There is no denying that markets are sometimes efficient, but prices do not always reflect underlying business performance. One flawed but reasonable way to assess how sentiment around a company has changed is to compare the earnings per share (EPS) with the share price.

During five years of share price growth, Grafton Group achieved compound earnings per share (EPS) growth of 1.8% per year. This EPS growth is slower than the share price growth of 7% per year, over the same period. This suggests that market participants hold the company in higher regard, these days. That's not necessarily surprising considering the five-year track record of earnings growth.

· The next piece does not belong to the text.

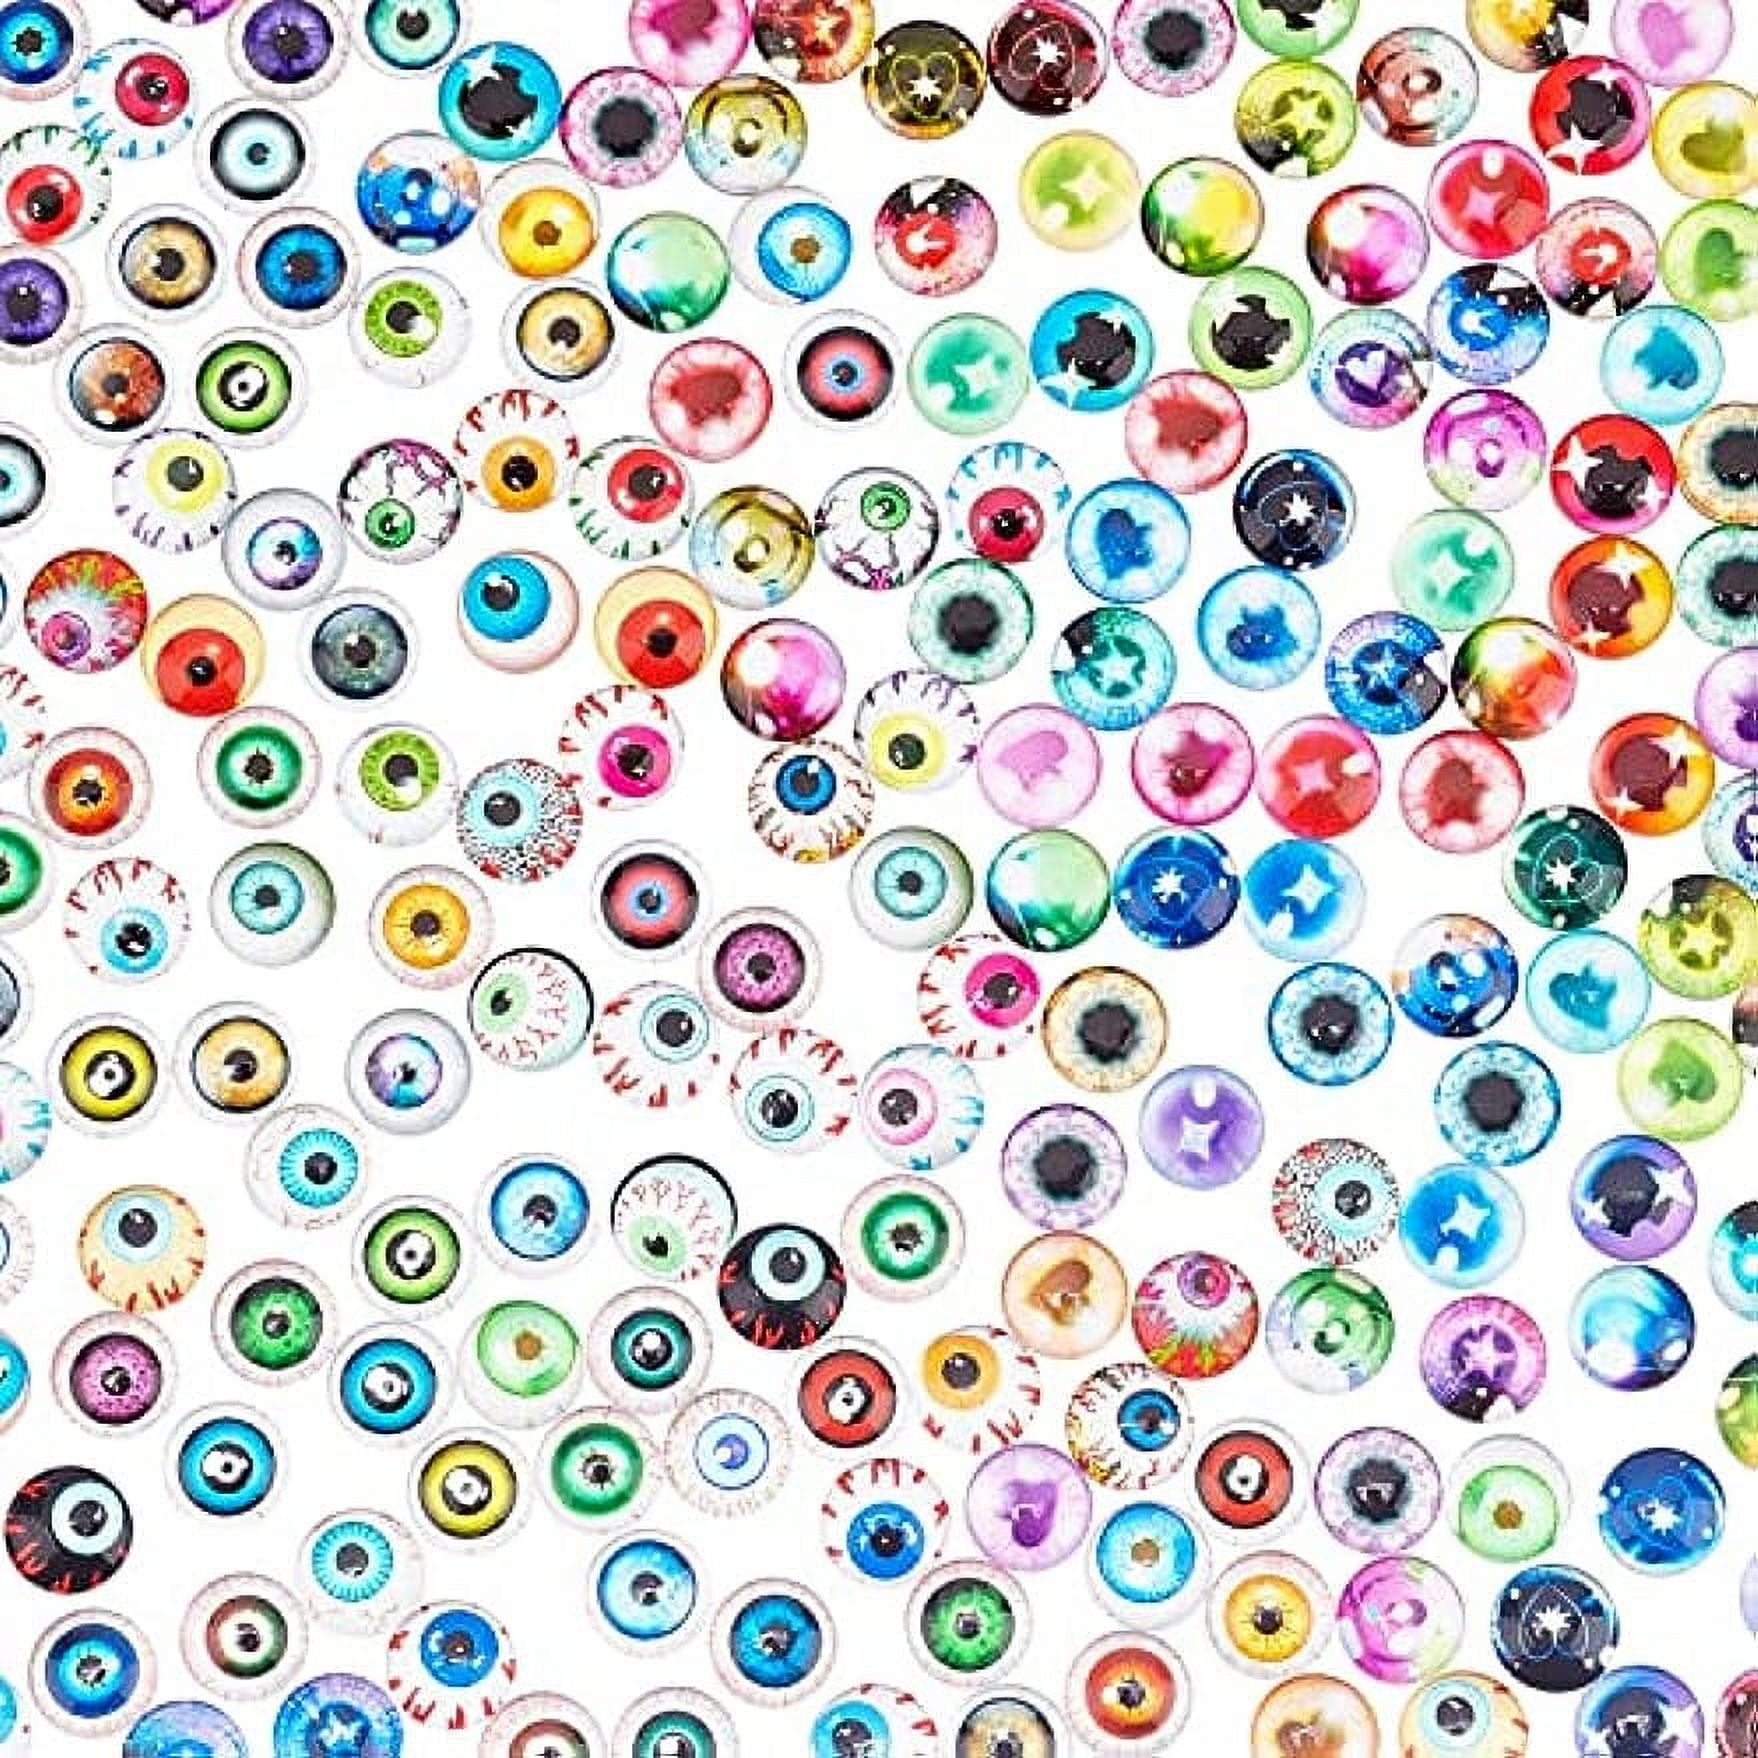 TEHAUX 50 Pcs DIY Jewelry Material Glass Decals Tile Stickers Round  Stickers Cat Eyes for Crafts Glass Dragon Eyes Glass Patch DIY Crafts  Accessories

The image below shows how EPS has tracked over time (if you click on the image you can see greater detail).

earnings-per-share-growth
earnings-per-share-growth

We're pleased to report that the CEO is remunerated more modestly than most CEOs at similarly capitalized companies. But while CEO remuneration is always worth checking, the really important question is whether the company can grow earnings going forward. Dive deeper into the earnings by checking this interactive graph of Grafton Group's earnings, revenue and cash flow.

What About Dividends?

When looking at investment returns, it is important to consider the difference between total shareholder return (TSR) and share price return. The TSR is a return calculation that accounts for the value of cash dividends (assuming that any dividend received was reinvested) and the calculated value of any discounted capital raisings and spin-offs. So for companies that pay a generous dividend, the TSR is often a lot higher than the share price return. In the case of Grafton Group, it has a TSR of 64% for the last 5 years. That exceeds its share price return that we previously mentioned. The dividends paid by the company have thusly boosted the total shareholder return.

A Different Perspective

It's good to see that Grafton Group has rewarded shareholders with a total shareholder return of 25% in the last twelve months. And that does include the dividend. That gain is better than the annual TSR over five years, which is 10%. Therefore it seems like sentiment around the company has been positive lately. In the best case scenario, this may hint at some real business momentum, implying that now could be a great time to delve deeper. If you would like to research Grafton Group in more detail then you might want to take a look at whether insiders have been buying or selling shares in the company.